Смятение все больше овладевало учительницей.

— Шкатулка в качестве оружия? Постой, а что, собственно, бабушка с ней делала?

— Размахивала в разные стороны, а потом положила и сказала, что слагает оружие. А раз держала в руках — значит, ручное.

Исчерпывающий и вежливый ответ не только не прояснил, но, напротив, еще более запутал смысл домашнего сочинения. Шум в классе постепенно затих, ученики слушали Яночкино сочинение с растущим интересом. Назревала нездоровая сенсация. Надо было спасать положение и собственный авторитет, и учительница сухо произнесла:

— Ты пишешь о производственных совещаниях. Как производственные совещания? Почему на производственных совещаниях применяется ручное оружие? Что за совещания такие?

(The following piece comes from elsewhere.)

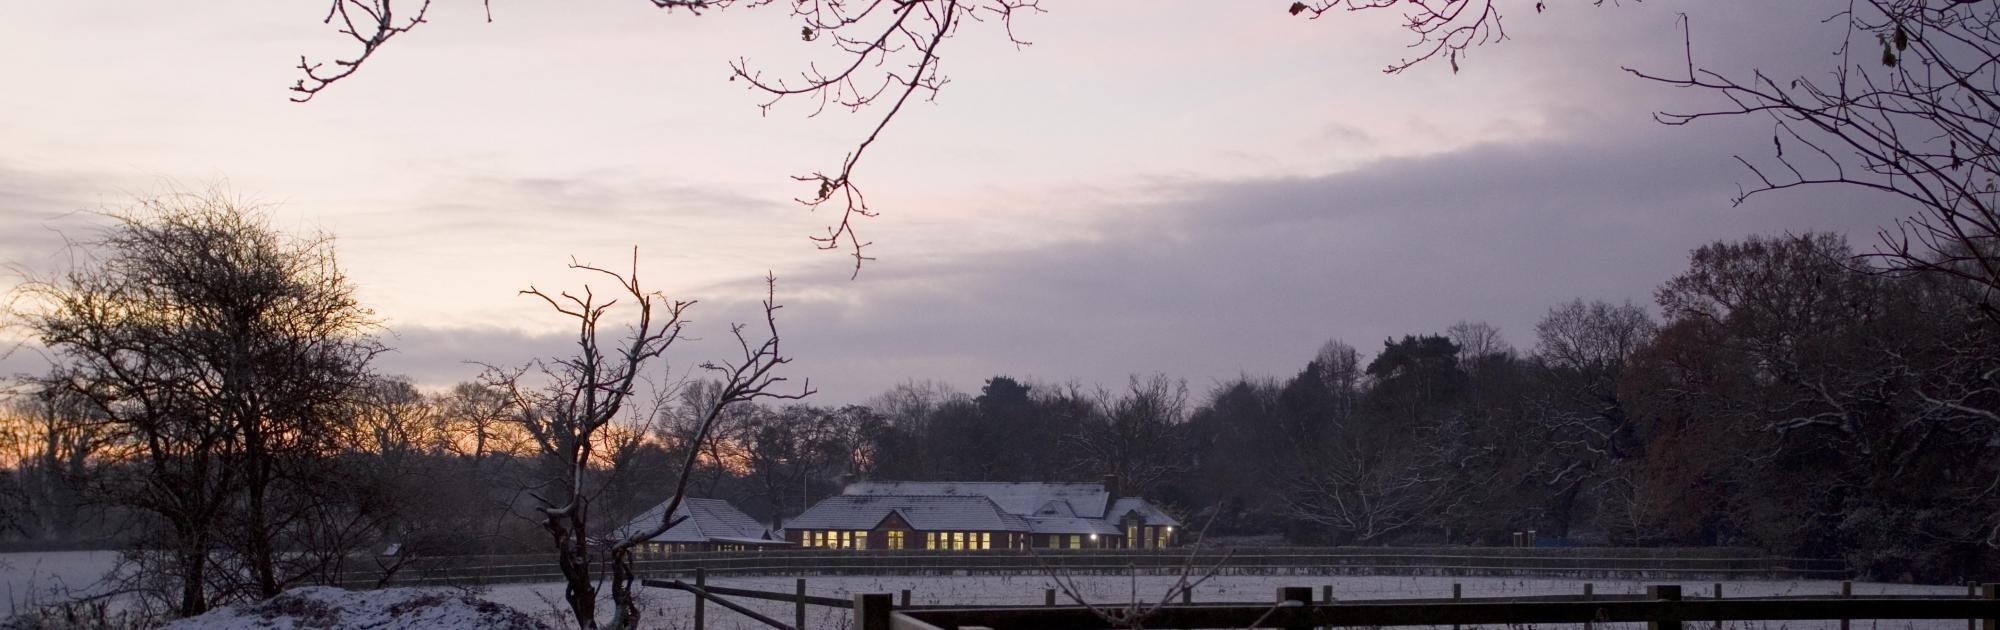 school at dawn scaled

Яночка положила тетрадку с сочинением на парту, набрала полную грудь воздуха и затараторила:

— Производственные совещания это такие совещания на предприятиях, когда совещаются о производстве на предприятии. И у нас тоже были совещания, чтобы посовещаться. Дома все их называли производственными совещаниями. Бабушка была против, а дедушка всегда поступает так, как велит бабушка, значит, он тоже против. Вот они с дедушкой и были против, значит, надо было совещаться. Но сразу после того, как папа оборвал вьющуюся розу, бабушка сказала, что сдается, и сложила оружие. Ведь если вьющейся розы больше нет, то ей все равно и она может меняться.

— Меняться? В каком смысле?

— В квартирном, — ответила Яночка, слегка удивившись, что кому-то могут быть непонятны столь очевидные вещи.

Теперь учительница замолчала надолго, переваривая услышанное и чувствуя, как инициатива ускользает из ее рук. Пожалуй, из педагогических соображений не стоит касаться вопроса о дискриминации дедушки, деликатная это тема... Безопаснее вернуться к производственным совещаниям. И по возможности ровным, назидательным голосом учительница задала вопрос:

— Так какие же вопросы обсуждались на ваших производственных совещаниях?

Яночка с готовностью подняла тетрадь и продолжила чтение: «... на нашу сторону. И теперь только один человек был против. Дело в том, что мой папа получил наследство...»

— Что получил? — вырвалось у учительницы, хотя она и дала себе слово больше не прерывать чтение этого любопытного домашнего сочинения и не выяснять сомнительные места.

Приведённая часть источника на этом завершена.